G306 triggered on executable bit set

[matthewhughes-uw]

Summary

Steps to reproduce the behavior

Given the following in main.go in the current directory:

package main

import (
	"os"
)

func main() {
	err := os.WriteFile(
		"my_script.sh",
		[]byte("#!/bin/sh\n\necho 'hello world'\n"),
		0o500,
	)
	if err != nil {
		panic(err)
	}
}

Run:

$ gosec -quiet ./...
Results:


[/tmp/proj/main.go:8-12] - G306 (CWE-276): Expect WriteFile permissions to be 0600 or less (Confidence: HIGH, Severity: MEDIUM)
    7: func main() {
  > 8: 	err := os.WriteFile(
  > 9: 		"my_script.sh",
  > 10: 		[]byte("#!/bin/sh\n\necho 'hello world'\n"),
  > 11: 		0o500,
  > 12: 	)
    13: 	if err != nil {



Summary:
  Gosec  : dev
  Files  : 1
  Lines  : 17
  Nosec  : 0
  Issues : 1

gosec version

I built from source at 8fa46c1

$ gosec -version
Version: dev
Git tag: 
Build date: 

Go version (output of 'go version')

$ go version
go version go1.21.5 linux/amd64

Operating system / Environment

GNU/Linux 6.1.67-1-lts

Expected behavior

When creating a file with the executable bit this rule is not triggered, since this rule maps to CWE-276 which refers to "During installation, installed file permissions are set to allow anyone to modify those files" , however setting this executable bit on a file does not allow for any such modifications.

Though if I've misunderstood the meaning for this rule it might still be worth updating the error message to be more accurate: since 0o500 is less than 0o600 I find the error message confusing.
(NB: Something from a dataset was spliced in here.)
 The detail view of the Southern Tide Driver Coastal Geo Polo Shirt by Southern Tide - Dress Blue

From a quick search I see this was changed in cf63541 from a plain less-than check to a bit comparison.

Actual behavior

The rule is triggered, see output above

[ccojocar]

Creating a file with execute permission can lead to a RCE if the attack is able to control the input. This is not the case in the example above since everything seems to be hardcoded.

This rule is meant to be taken as a warning when creating a file with excessive permissions. It is recommended to either create a file with wither owner read-only or read-write file permissions. In this sense less means 0400.
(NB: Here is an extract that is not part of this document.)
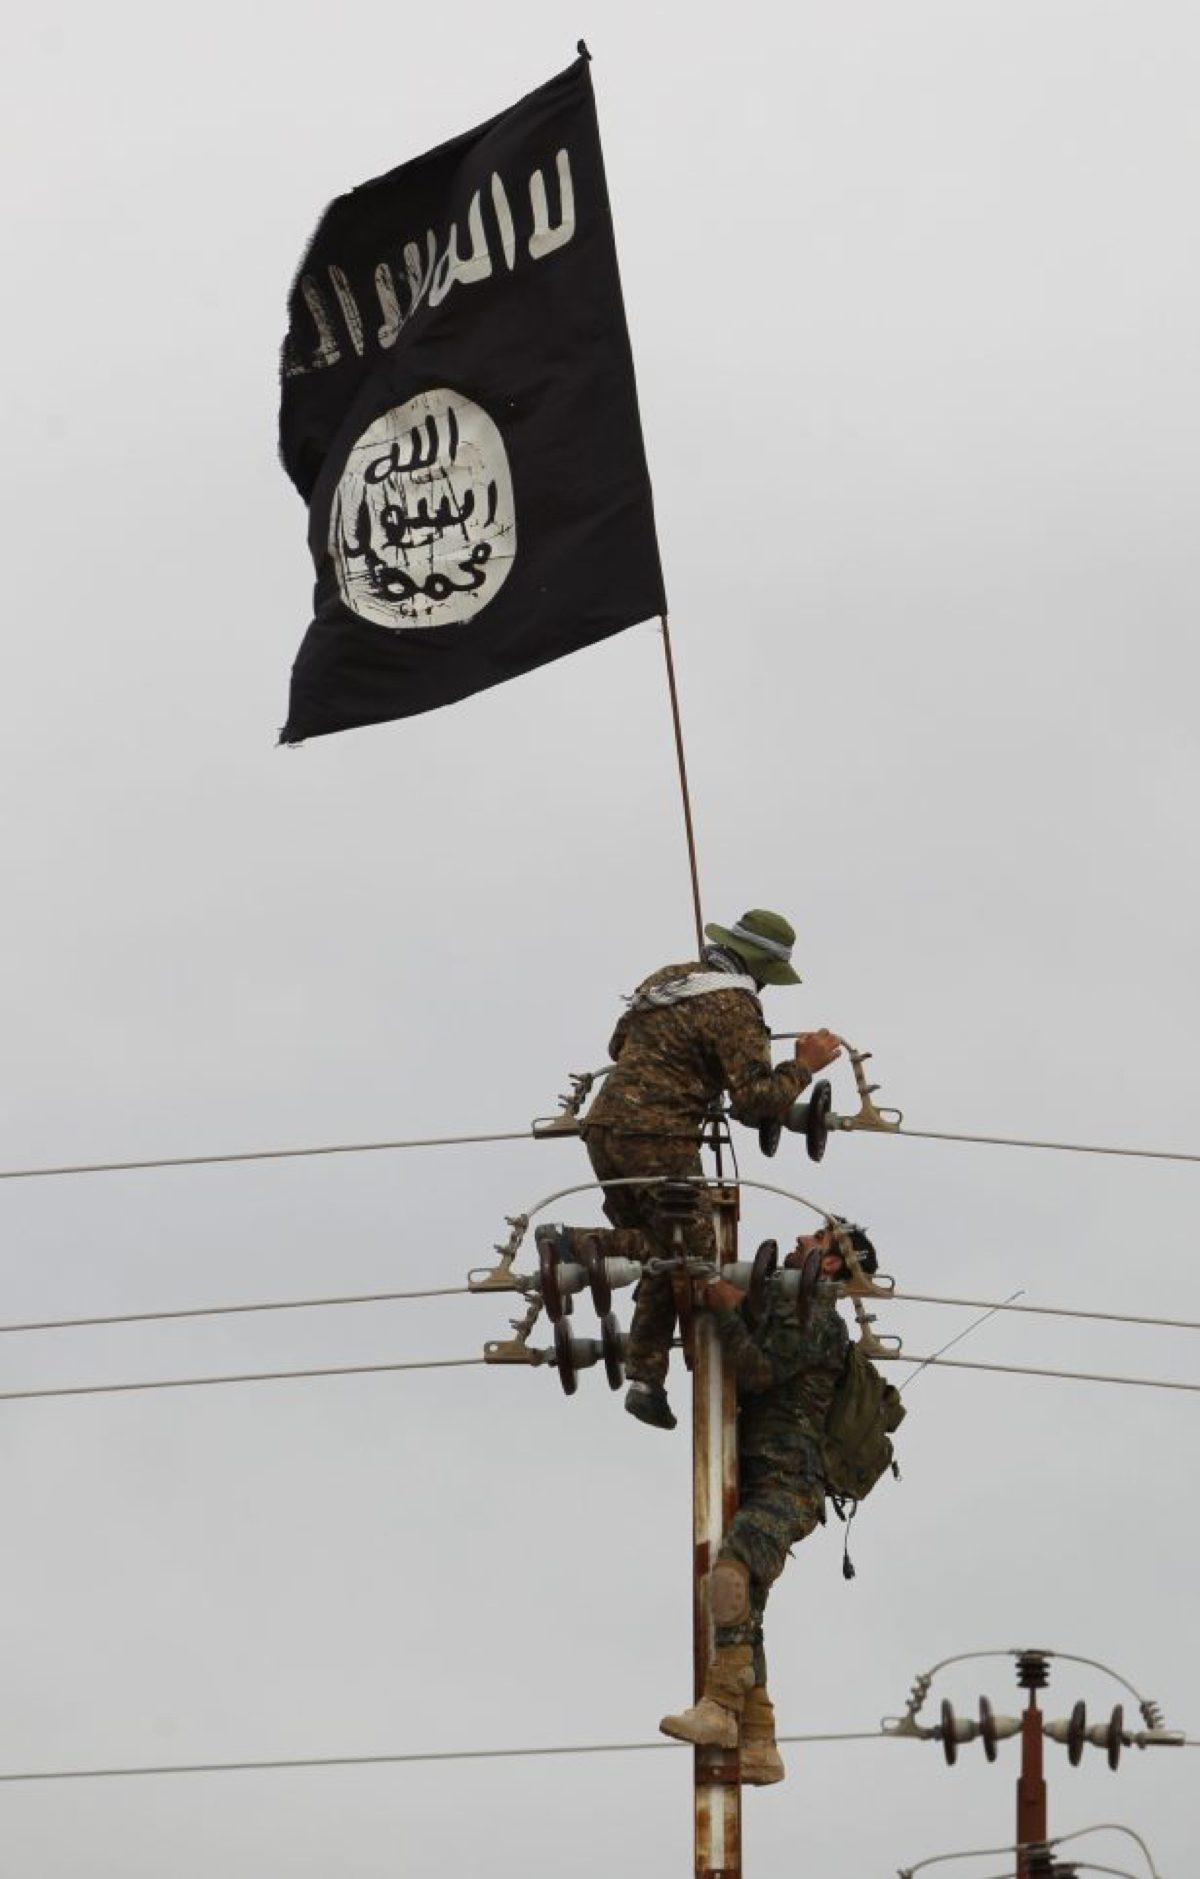 An ISIS flag is taken down from an electricity pole in Samarra, Iraq, on March 3, 2016. (Ahmad Al-Rubaye/AFP/Getty Images)

I agree, in this case the rule message sounds confusing since 0500 permissions are less than 0600. I think a better wording might be helpful.

[matthewhughes-uw]

This rule is meant to be taken as a warning when creating a file with excessive permissions. It is recommended to either create a file with wither owner read-only or read-write file permissions. In this sense less means 0400.

👍 make sense, I was confusing this rule with a strict mapping to CWE-276 (i.e. enforcing only file modification permissions), though the summary "Poor file permissions used when writing to a new file" makes clear its intent (and that it should cover the case of the executable bit too)

I agree, in this case the rule message sounds confusing since 0500 permissions are less than 0600. I think a better wording might be helpful.

Do you have any suggestions for an improvement? The first two ideas that came to my mind:

Expect WriteFile permissions to be a subset of 0600

or:

Expect WriteFile permissions to be provide no more capabilities than 0600

[ccojocar]

Do you have any suggestions for an improvement? The first two ideas that came to my mind:

Expect WriteFile permissions to be a subset of 0600

or:

Expect WriteFile permissions to be provide no more capabilities than 0600

I think it is a bit difficult to have a more expressive wording since the file mode can be configured

gosec/rules/fileperms.go

Line 83 in 8fa46c1

What: fmt.Sprintf("Expect WriteFile permissions to be %#o or less", mode),

.

The former message sounds a bit more accurate to me.